Sam, I asked the person who asked me to try io.js whether it was an easy install on Ubuntu – he wanted it done, so I do not see why the onus should be on me to look around the io.js site? If its not in the Ubuntu repos, its a reasonable question. Also, this is not a forum, its a blog. More to the point, its my blog and I will ask whoever I like, whatever I like on it!

It depends what you mean by “proper” garbage collection…

If you want file system reads using a thread pool, TCL has threading and a thread pool package.

The problem with making a test more realistic, is that then you have to make sure that both implementations are equally optimised, and you really need to test a range of tasks (because two very different languages may excel at different tasks), etc.

This is not supposed to be a general test of TCL vs JS for event driven web apps: its purpose is much narrower as I explained in the post (and countless times since!).

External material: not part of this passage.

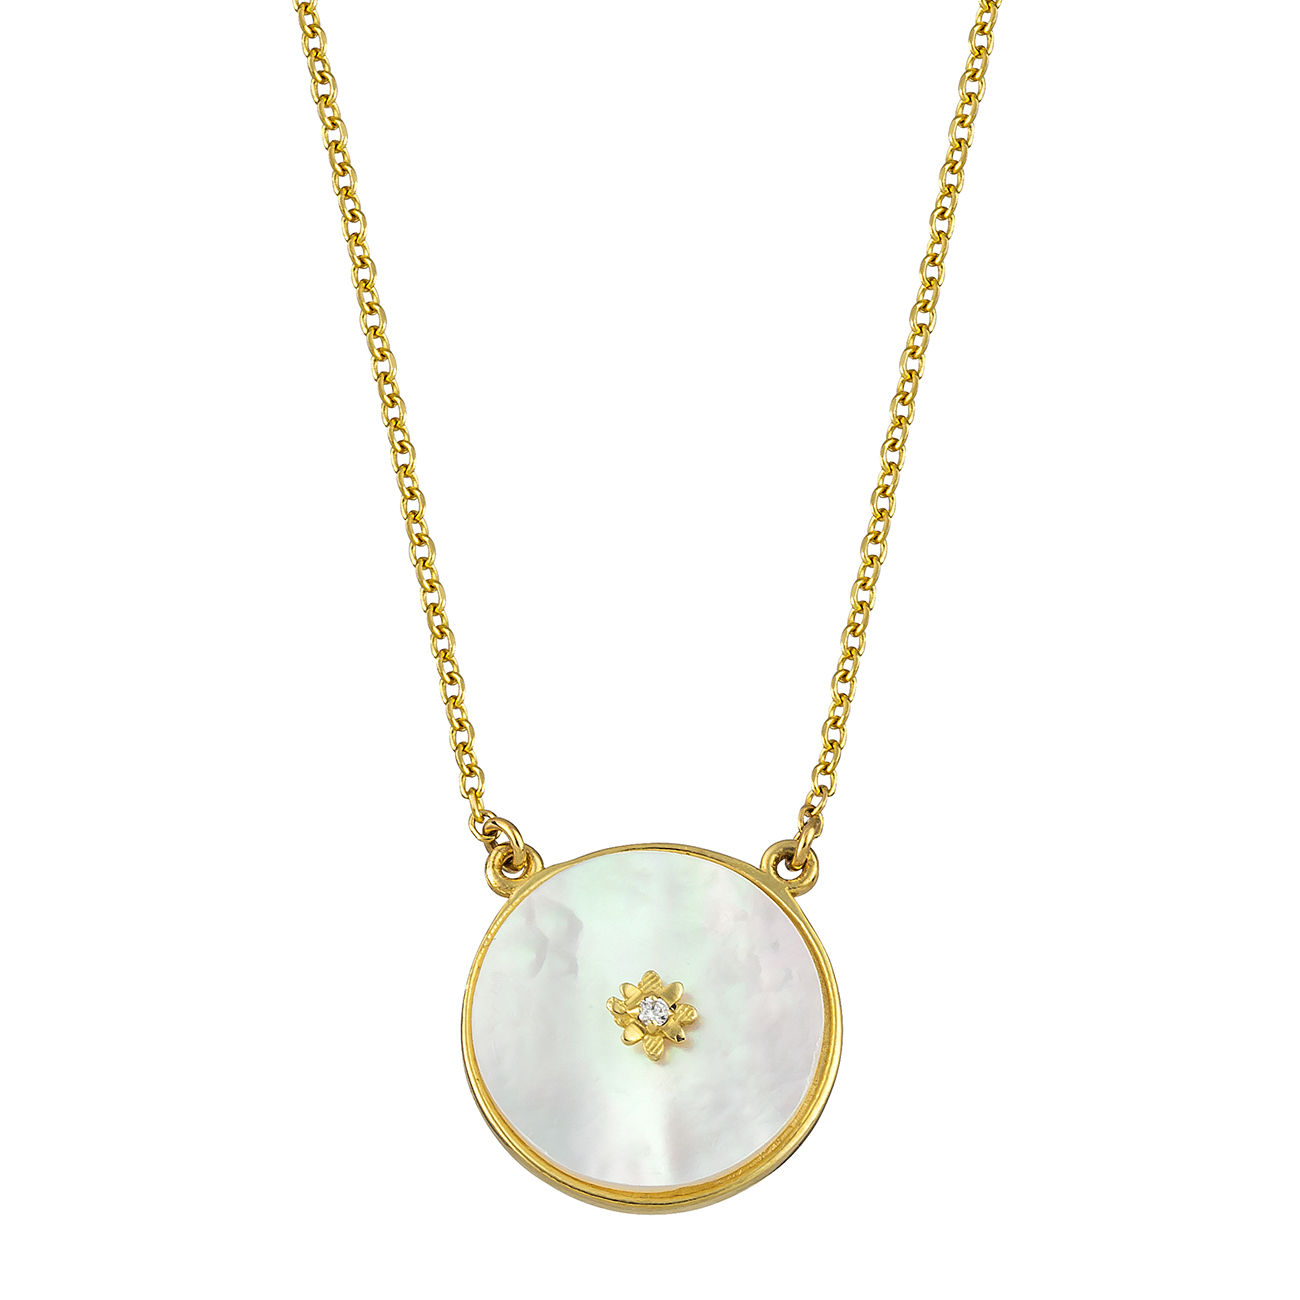 Χρυσό κολιέ με κλασική αλυσίδα και κρεμαστό μενταγιόν σε κυκλικό σχήμα. Το μενταγιόν αποτελείται από mother of pearl σε χρυσό πλαίσιο.

If you want a more realistic test something like pulling some data from a database and returning it as JSON, or a minimal chat app etc. would be better, and you would probably test Node against a more mature and complete (and optimised!) TCL server like Wub or TclHttpd.

Frankly, if anyone thinks that this means they should use Dandelion instead of Node on the basis of my tests, they are complete idiots. If, on the other hand, someone thinks “um, I have a project for which I need an event driven server and TCL looks like a good fit for the task in hand, and it looks like it can perform reasonably, lets do some further testing” that would be a sensible thing to take away from this post.